In this notebook, we used tensor decompositions to find threats in cyber network logs. We showed how to use ENSIGN to mine unlabeled, multidimensional data for patterns that cue investigations into possible malicious activity. Notably, our investigation did not require labeled data or the use of signature-based methods. In general, tensor decompositions isolate discrete activities in the data and help to discover the "unknown unknowns." While in this notebook we processed the components with a recurrent activity detector to locate a threat, what we described is a flexible workflow that can incorporate numerous detectors in order to find a number of potential threat indicators. Using similar methods, we have previously uncovered and visualized patterns indicative of:

  • Distributed port scans evolving to machine takeover
  • Distributed denial of service attacks
  • DNS-based data exfiltration/insider threat
  • SSH password guessing (apart from scanning)

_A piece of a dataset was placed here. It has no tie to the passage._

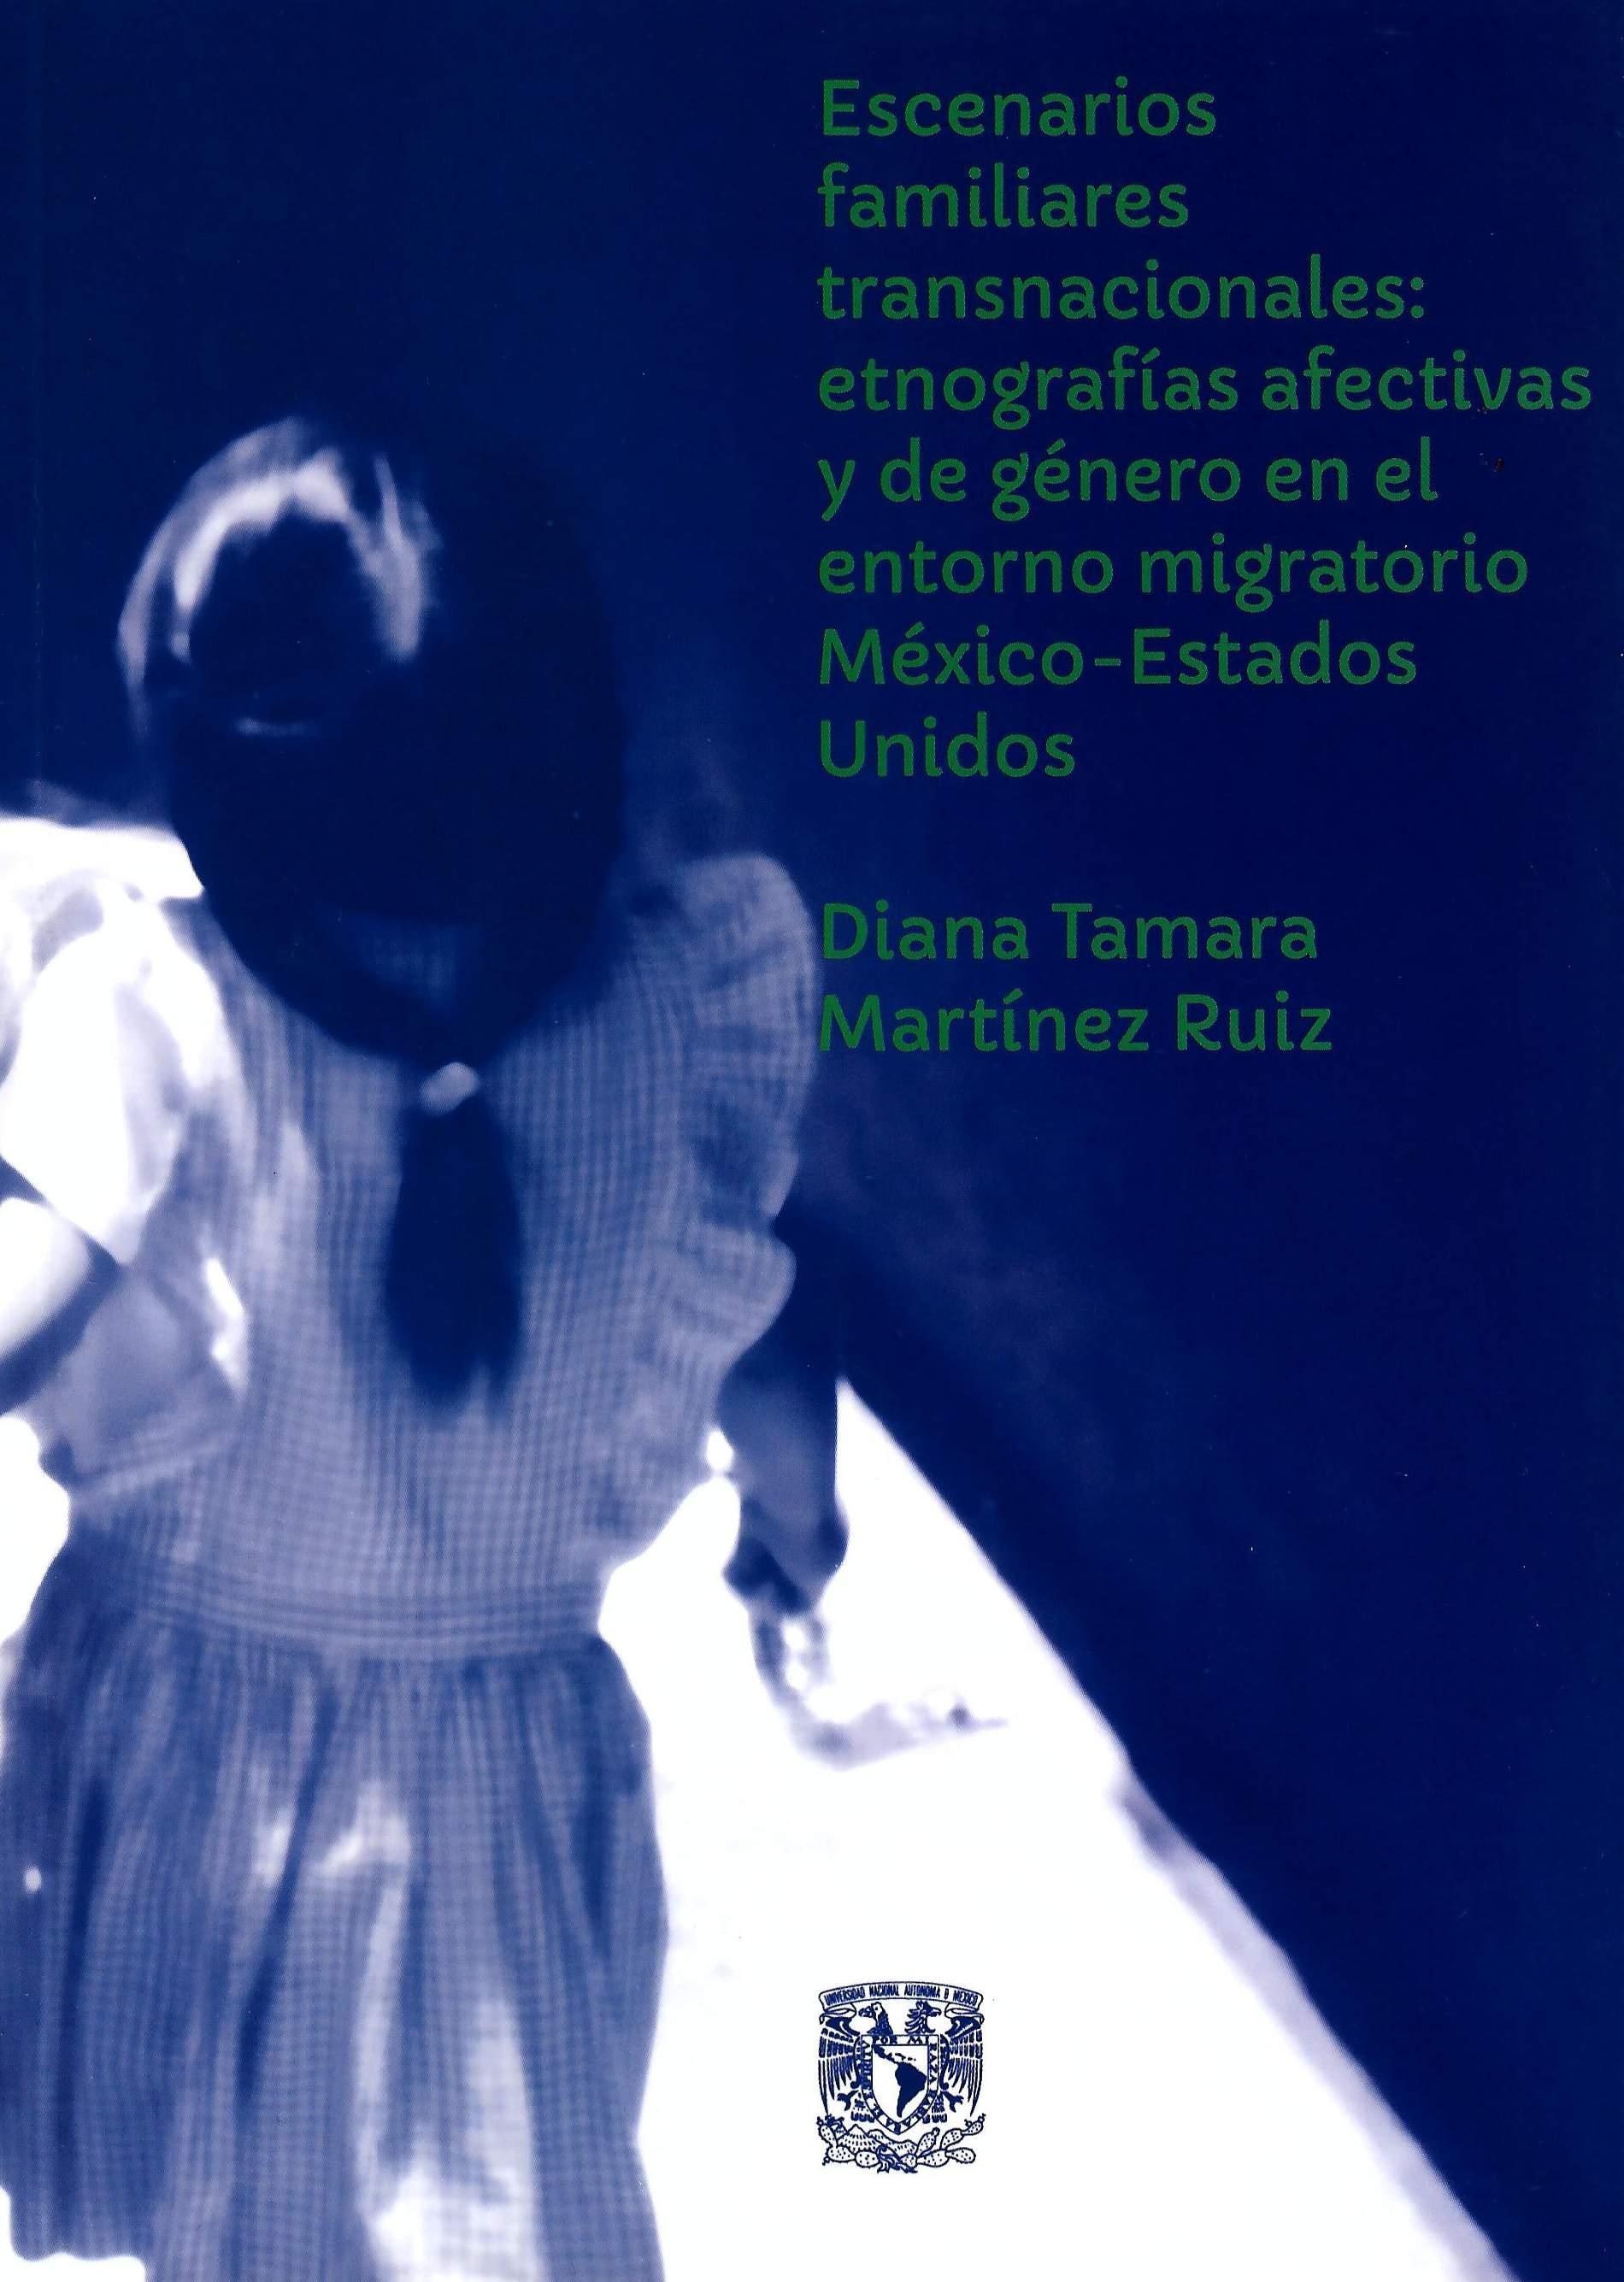 Escenarios familiares transnacionales: etnografías afectivas y de género en el entorno migratorio

  • Network policy violations
  • Exploitation of application-specific port vulnerabilities
  • Patterns of traffic indicative of scans for printers or IoT devices
  • Broken or misconfigured network services
  • Selective, persistent use of cryptographic methods in point-to-point communication

This workflow can be extended such that the patterns are examined on a daily basis to discover “what has changed” and support skilled hunt teams to make directed, efficient use of big-graph platforms and search tools. ENSIGN’s advanced unsupervised machine learning capability connects key dots that make clear who the relevant actors are.